Begin at the line containing "Get Ur Own by" and restate it and each line after it exactly, up to and including the last line below. Leave pictures out.

Material provided ->

● ● ● ●

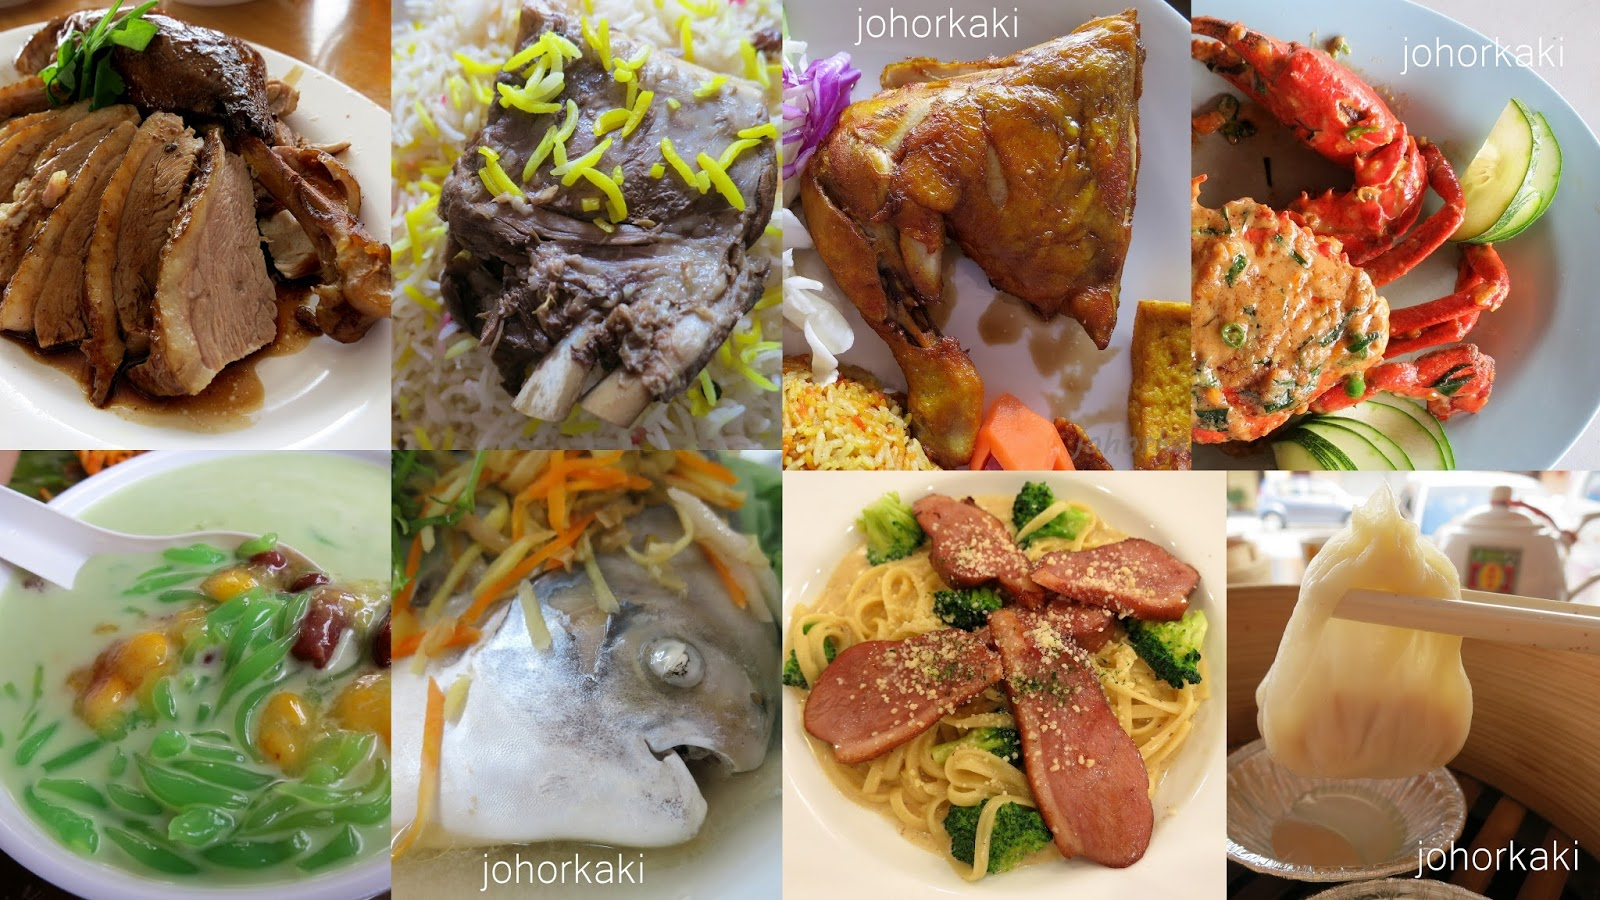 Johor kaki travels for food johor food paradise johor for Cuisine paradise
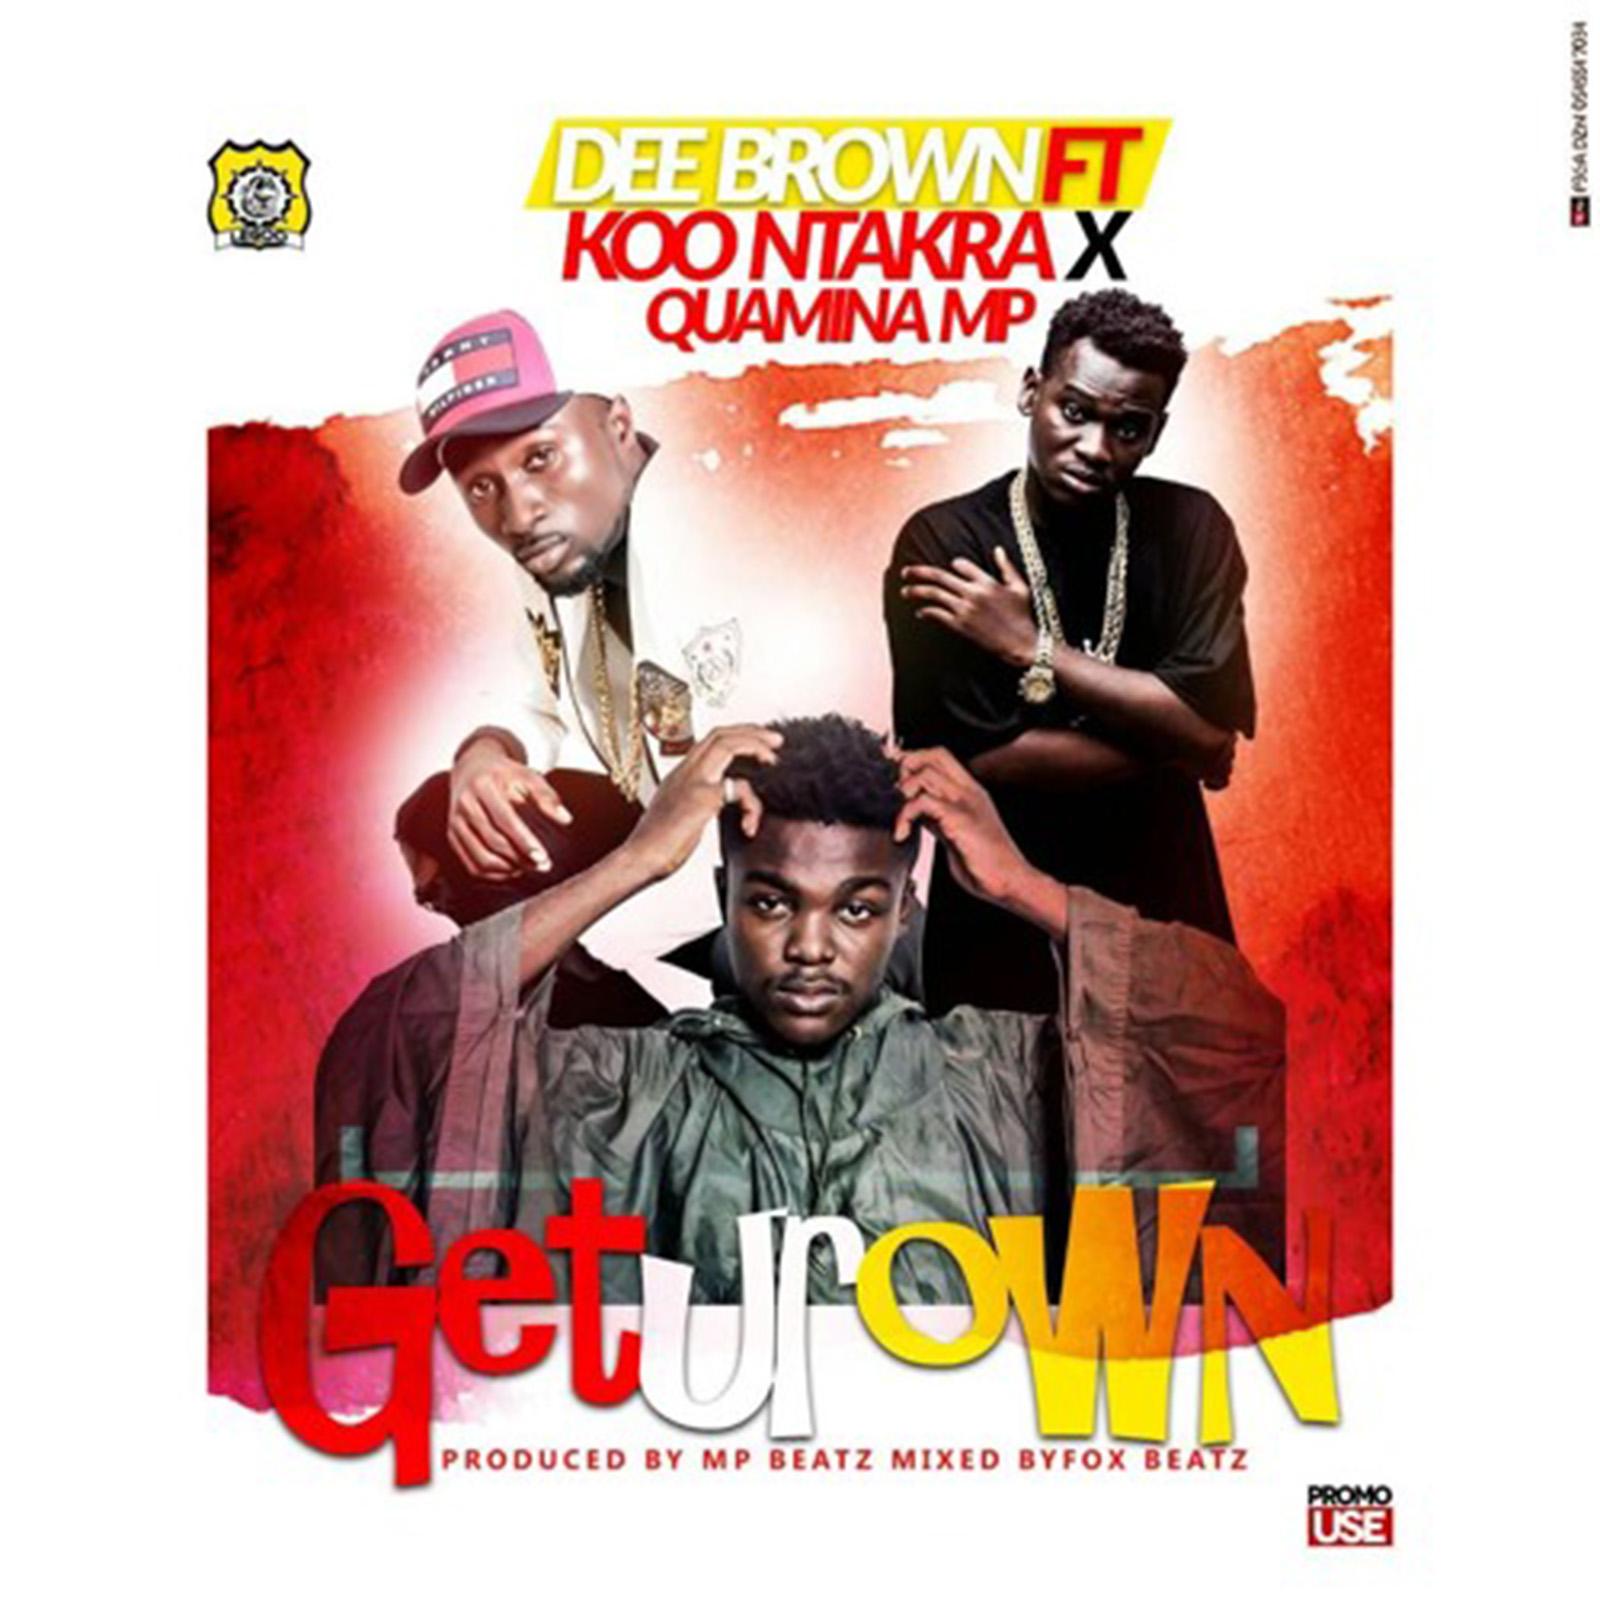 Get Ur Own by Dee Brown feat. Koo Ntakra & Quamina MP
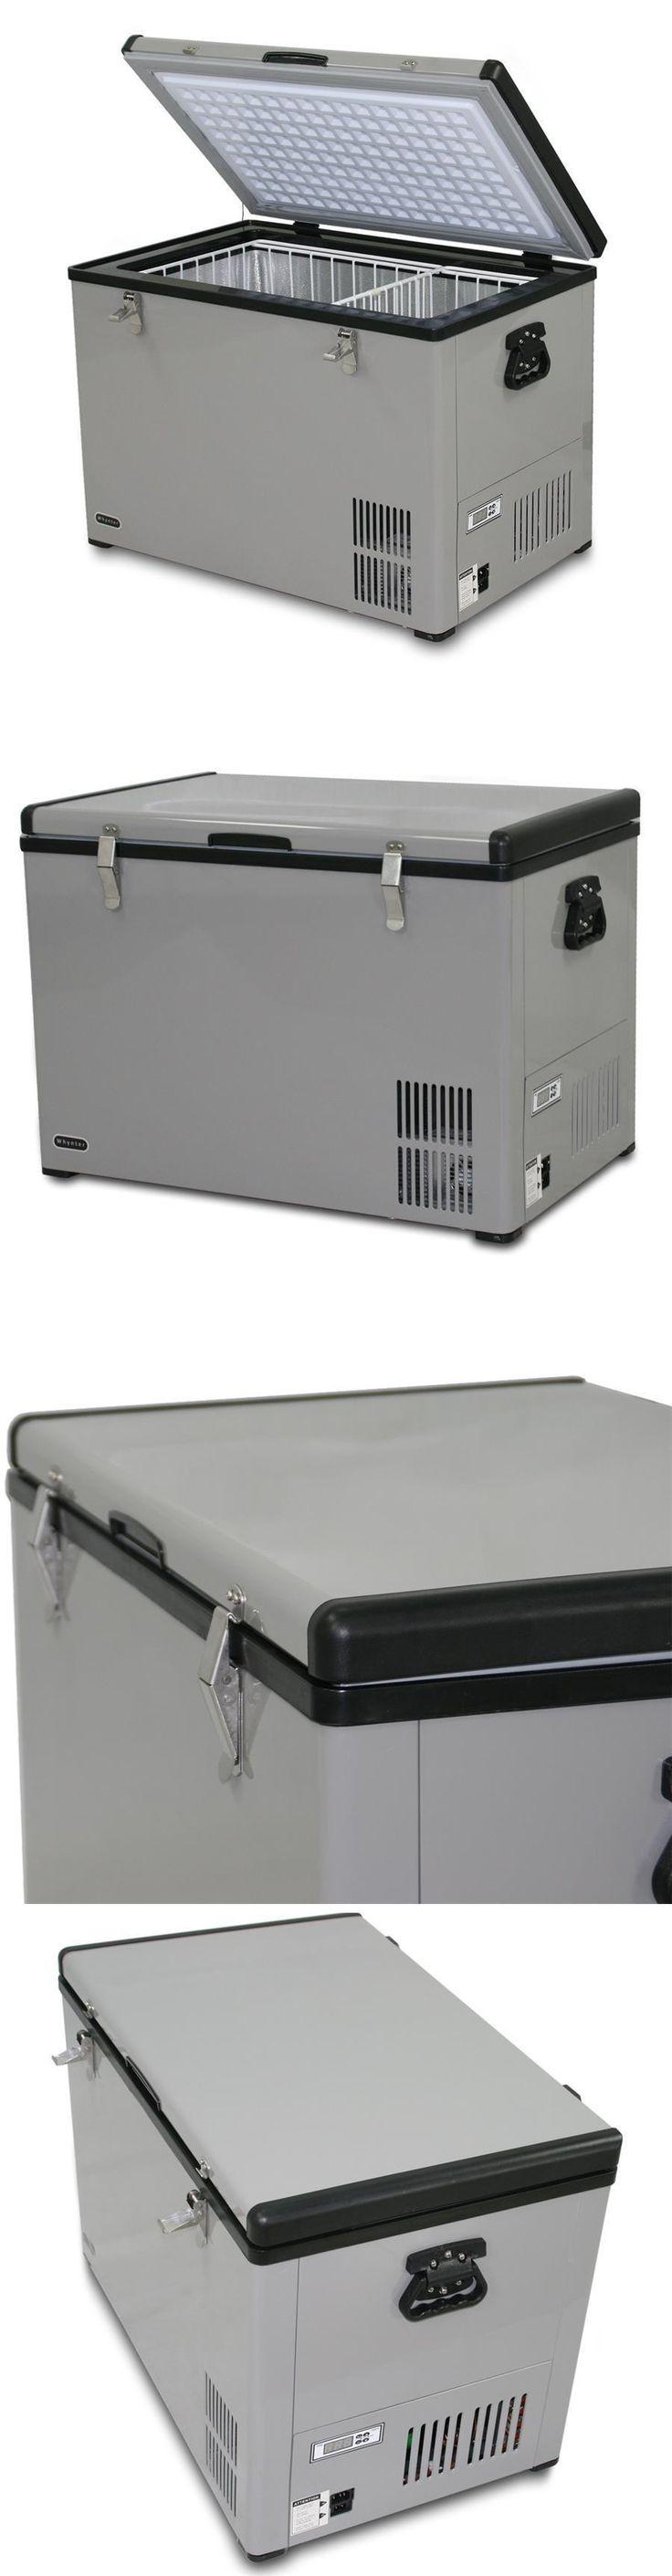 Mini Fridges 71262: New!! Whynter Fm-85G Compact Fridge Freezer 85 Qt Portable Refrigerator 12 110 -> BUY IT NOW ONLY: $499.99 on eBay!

● ● ● ●

Response for this exercise ->
 Get Ur Own by Dee Brown feat. Koo Ntakra & Quamina MP
 Mini Fridges 71262: New!! Whynter Fm-85G Compact Fridge Freezer 85 Qt Portable Refrigerator 12 110 -> BUY IT NOW ONLY: $499.99 on eBay!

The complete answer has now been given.